**DATA PROVIDED**
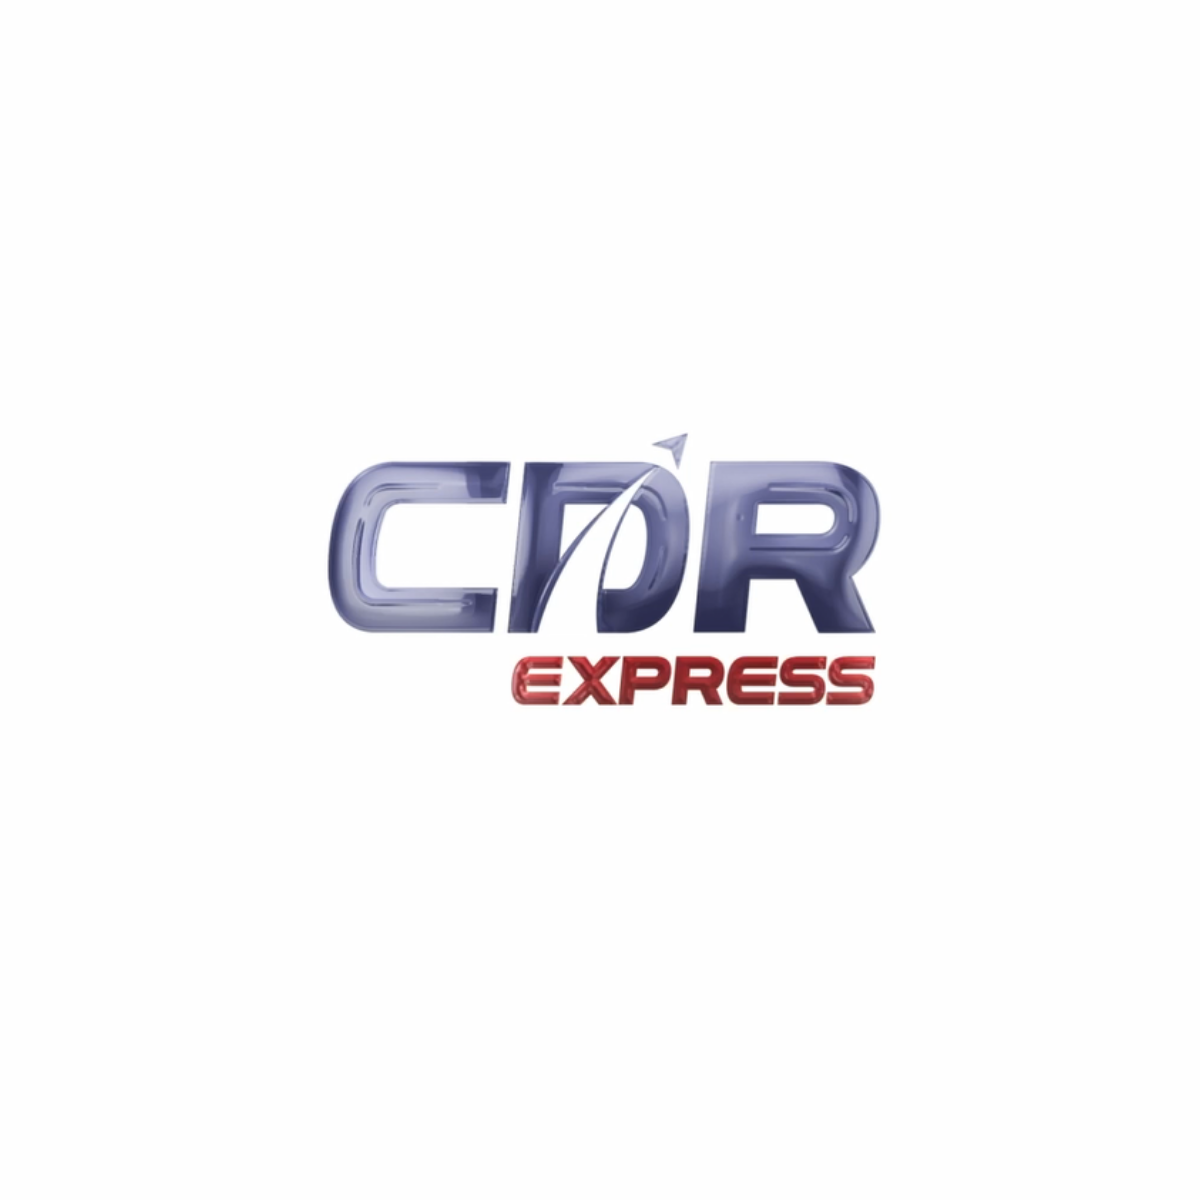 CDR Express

---

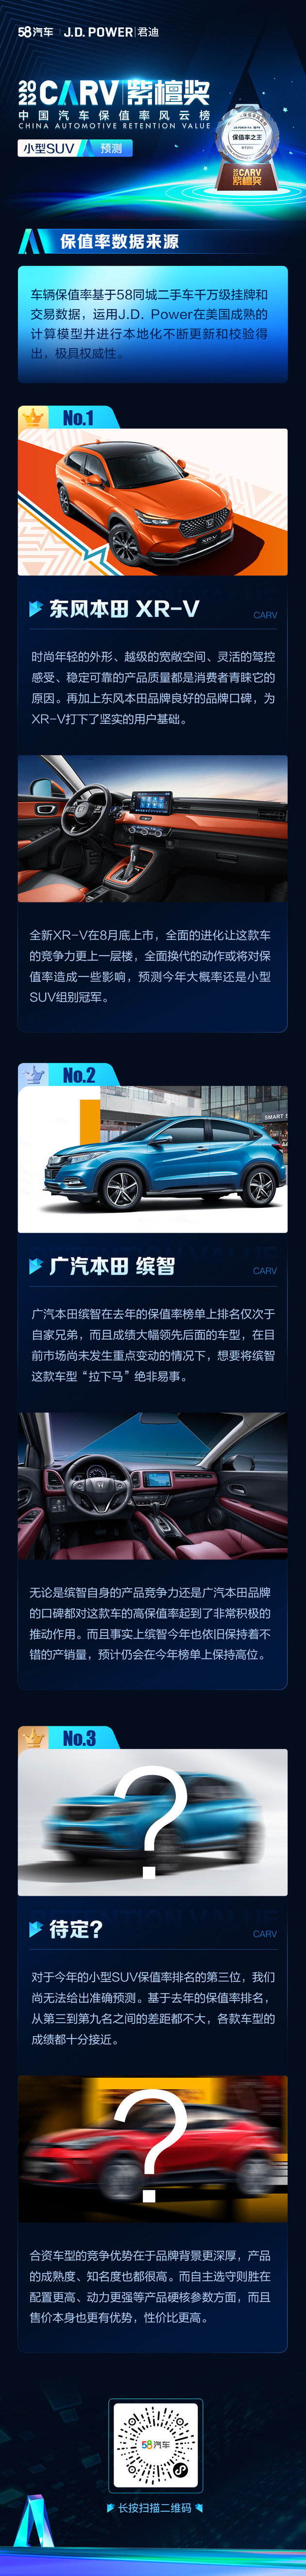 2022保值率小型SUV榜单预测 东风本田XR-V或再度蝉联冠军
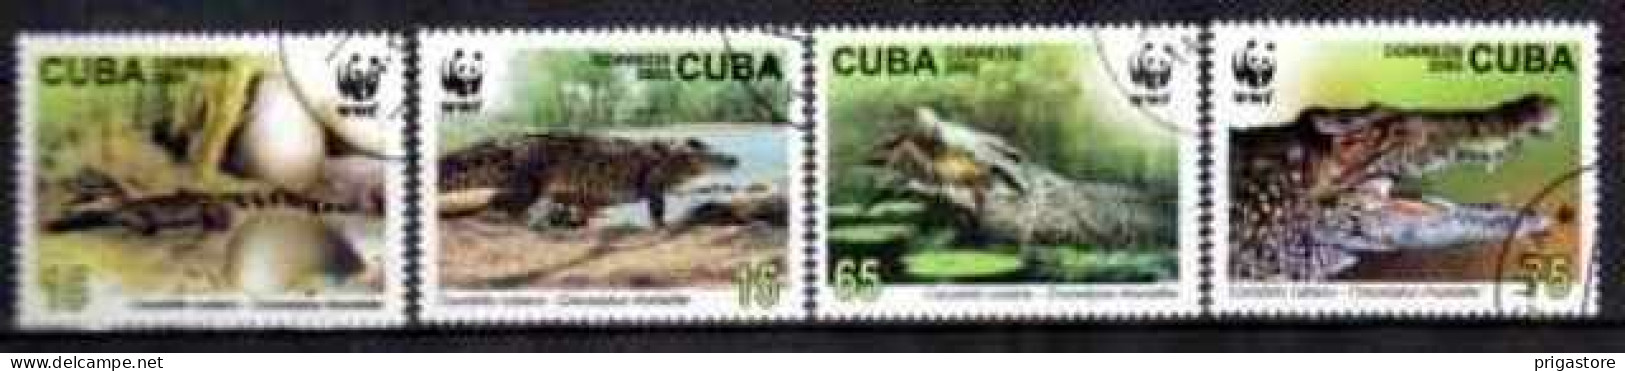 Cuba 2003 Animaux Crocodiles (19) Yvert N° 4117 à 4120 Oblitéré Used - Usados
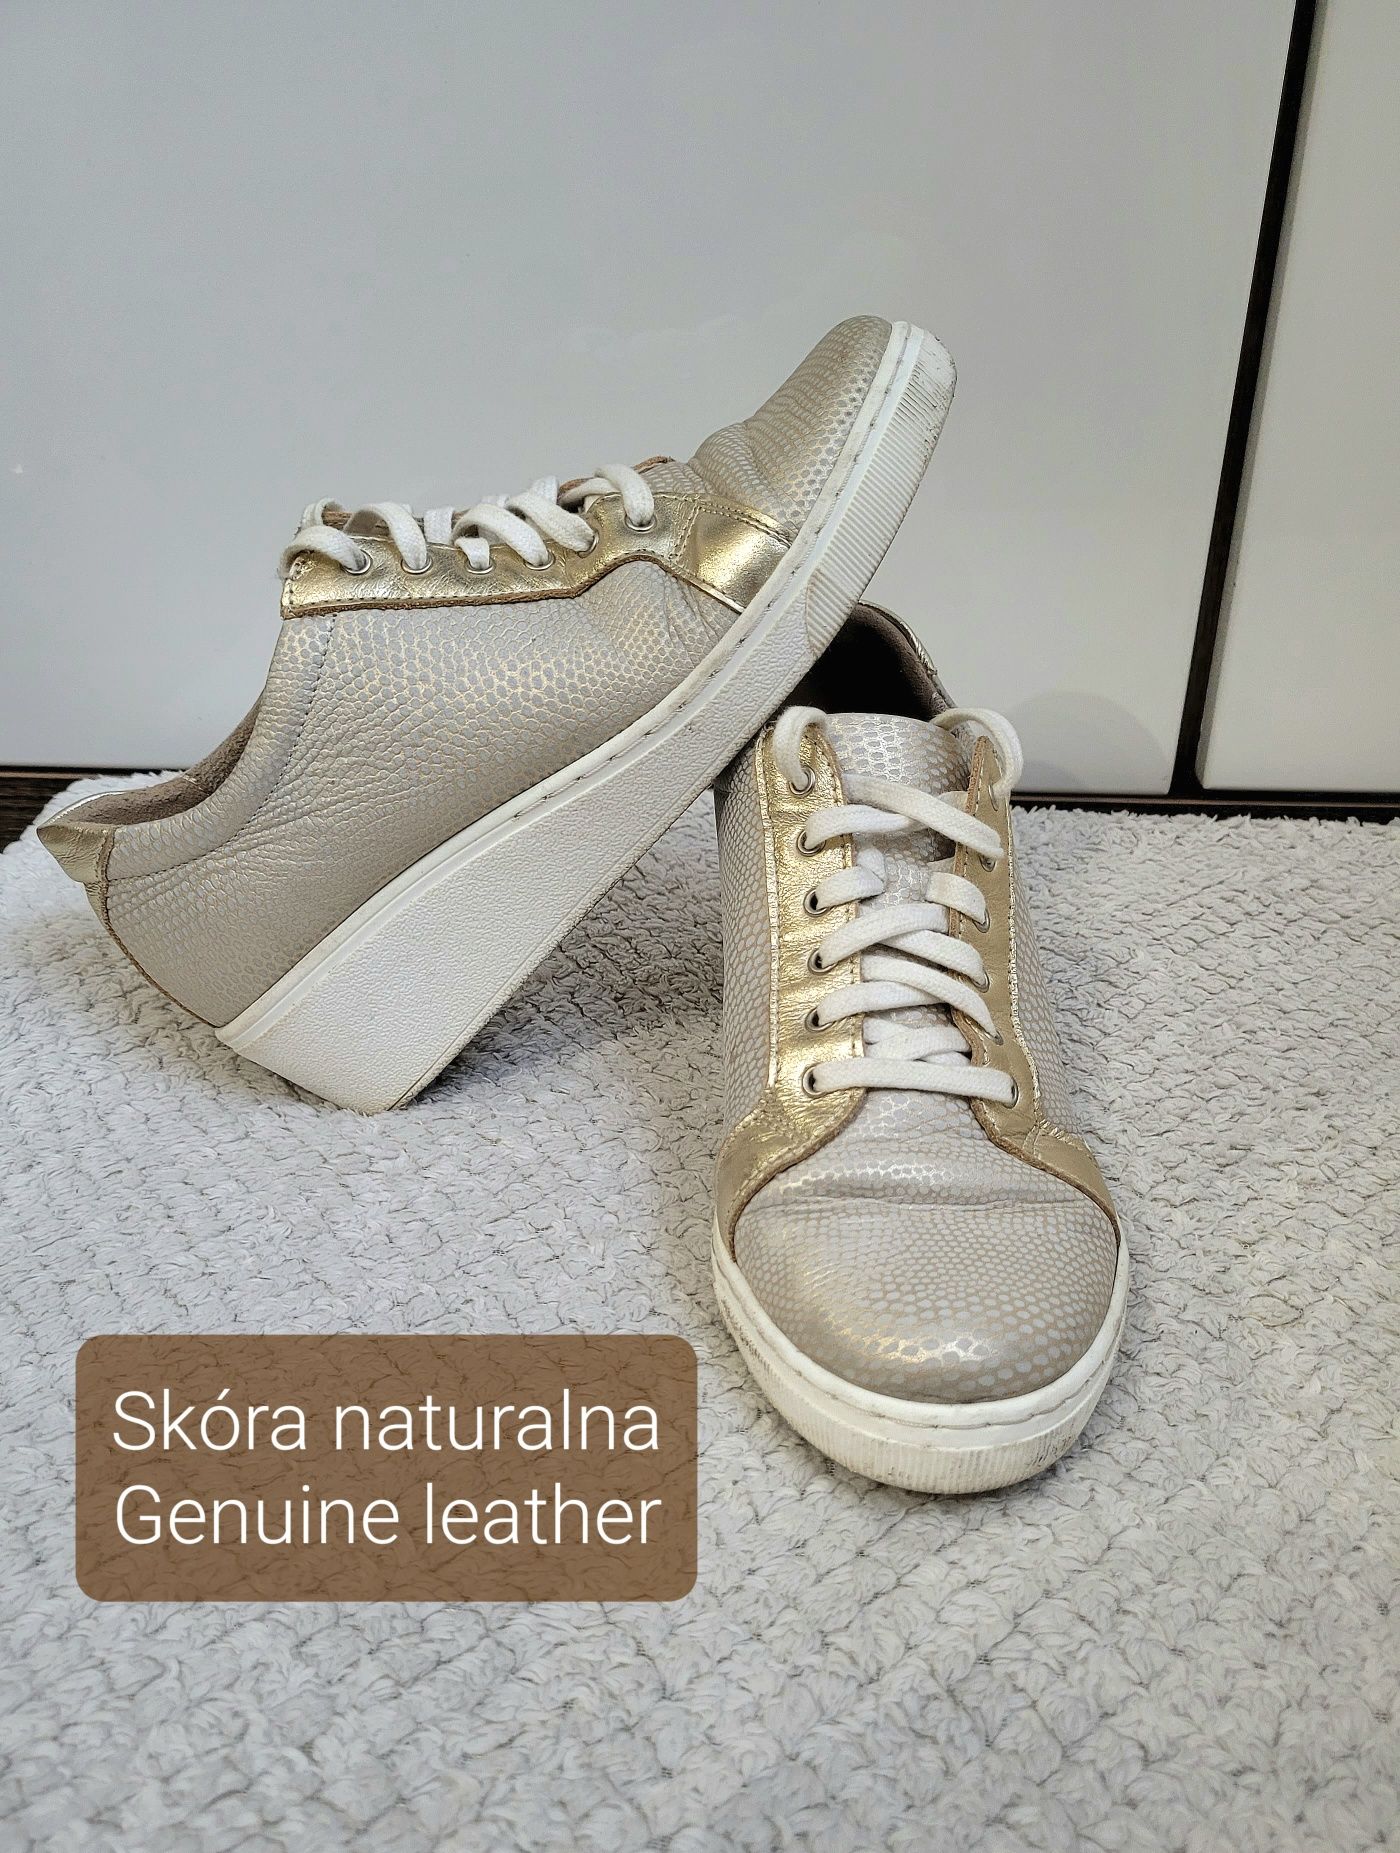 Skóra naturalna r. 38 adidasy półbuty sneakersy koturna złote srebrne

* * *

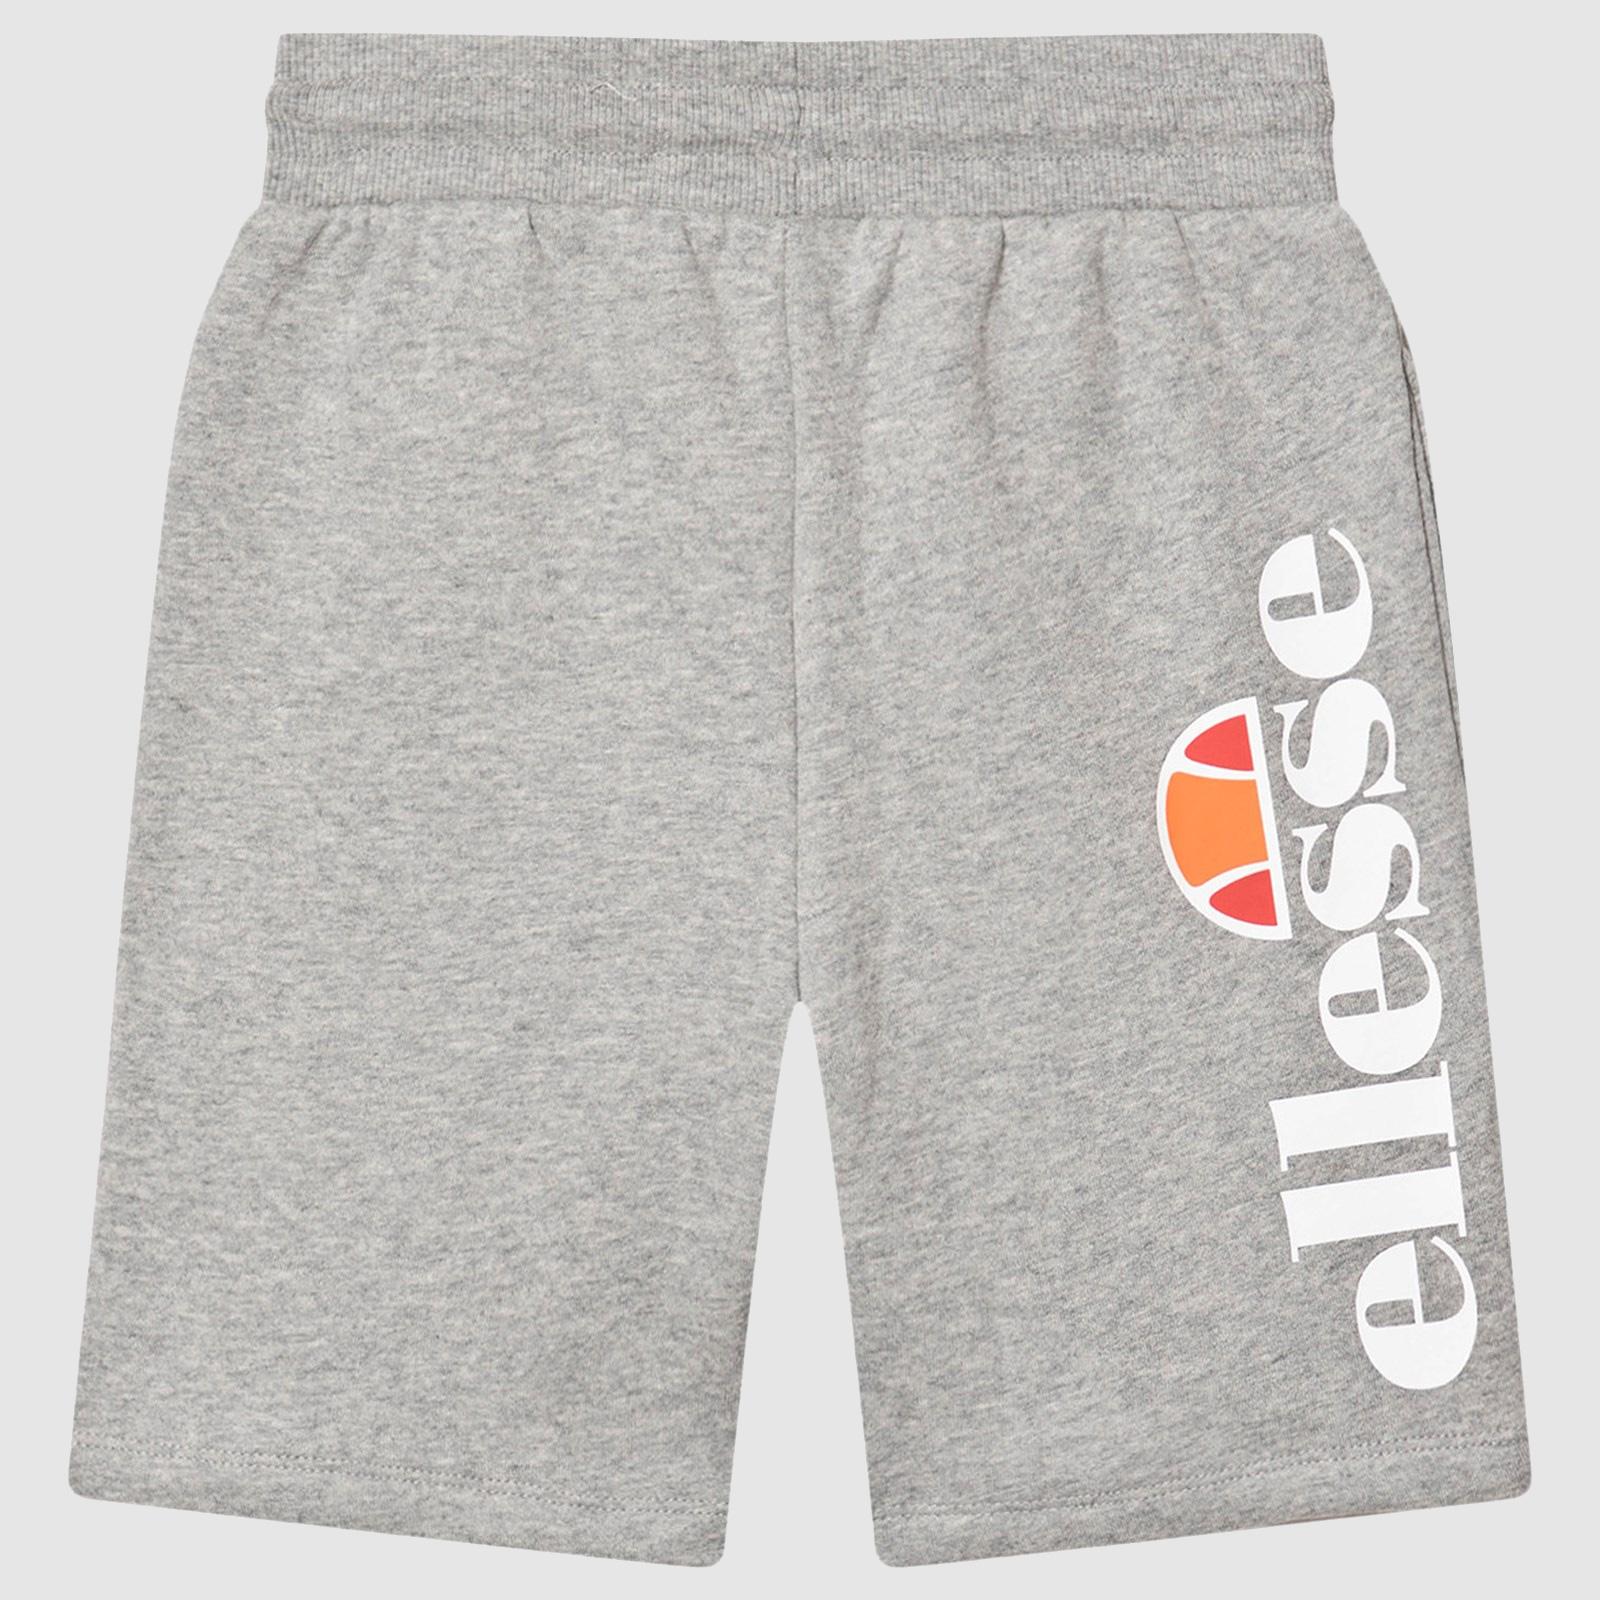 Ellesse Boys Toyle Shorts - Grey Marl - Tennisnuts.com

**TASK DETAILS**
Your answer must be the exact lines from the records above, from the one containing "2022保值率小型SUV榜单预测 东风本田XR-V或再度蝉联冠军" through the one containing "Skóra naturalna r.", both included, with every picture left out.

**RESPONSE BOX**
 2022保值率小型SUV榜单预测 东风本田XR-V或再度蝉联冠军
 Cuba 2003 Animaux Crocodiles (19) Yvert N° 4117 à 4120 Oblitéré Used - Usados
 Skóra naturalna r. 38 adidasy półbuty sneakersy koturna złote srebrne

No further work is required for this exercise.